Joanna was a bright, experienced MBA from Stanford. She had recently joined one of the largest F100 FMCG companies and was extremely excited to be part of the Digital Supply Chain Transformation Project that the company had recently embarked on.
As part of her new assignment, she was responsible for reducing the working capital held up in inventory, reduction in product obsolescence and reduction in warehousing cost. All these, as she rightly realized, were all linked to the inventory that the supply chain was carrying.
To deliver on her KPIs, she had to figure out ways to rationalize the inventory and, in her opinion, Brad was the best person to help her with this.

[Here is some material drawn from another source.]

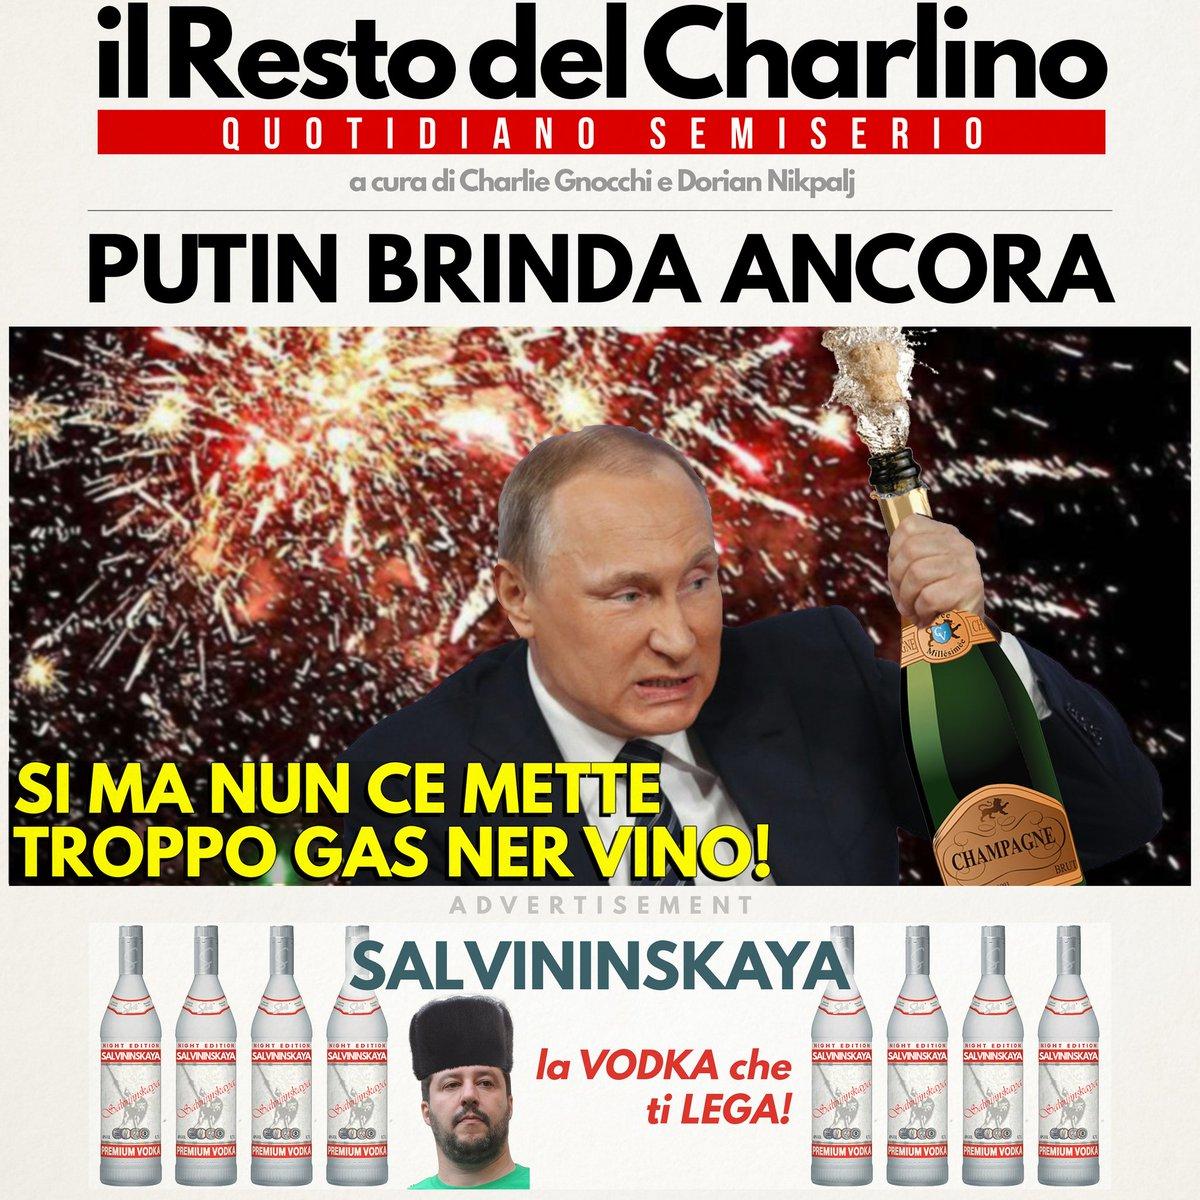 #Putin festeggia ancora! #primapagina di #lunedi #19marzo ! #FakeNews #FakeNewsMedia #satira #ElezioniRussia #elezioni2018 #Politica #Russia #mosca #festadelpapa  - Ukustom

Brad was an experienced consultant who had helped many companies digitize their supply chains. He was instrumental in delivering huge transformative projects and was well respected in the organization.
Meanwhile, Joanna being fiercely independent, had gone ahead and downloaded a Safety Stock Calculation Template. She took some time to punch in the required numbers. Once she was ready, she scheduled a meeting with Brad to validate her findings.
Brad looked at the calculations and asked Joanna to plot the graph of historical data and safety stock. Then he pointed out the products that had distinctive patterns in their sales data. These patterns, he explained would be captured by a forecasting software and would then be used to forecast the future. Brad then went on to explain the fundamental reasons for carrying safety stock. He explained that Safety Stock are carried to tide over the gap between what was forecasted verses what the customer actually bought. In absence of a Safety Stock, a higher sale compared to the forecast resulted in a stock out. Technically, if we can forecast the demand correctly, then there would be no need to carry any safety stock.
Brad pulled out the data from one of his assignments and showed the Historical sales and the forecast pattern to Joanna.
Brad explained that this product showed a seasonal behavior and had a good pattern in the historical sales. The same pattern can be easily identified by a good forecasting engine. There will be some forecasting errors for which safety stock should be kept. However, if we calculate the deviation across the historical data, as Joanna had calculated, then the deviation will be huge compared to the actual deviation. This will unnecessarily prompt a higher inventory level. Joanna quickly calculated both the numbers and found that the deviation calculated across historical periods was around 5 times of the actual deviation. This faulty calculation technique, as she correctly guessed, was the reason for inflated inventory numbers for the seasonal products.
Armed with this knowledge, Joanna recalculated the inventory numbers and right sized the inventory. For some products, the inventory went up and for many it went down. Even with a higher service level, she could still reduce the total inventory by more than 26%.
Joanna was very happy with what she had found and pulled a reluctant Brad to the nearest pub for a pint of wheat beer.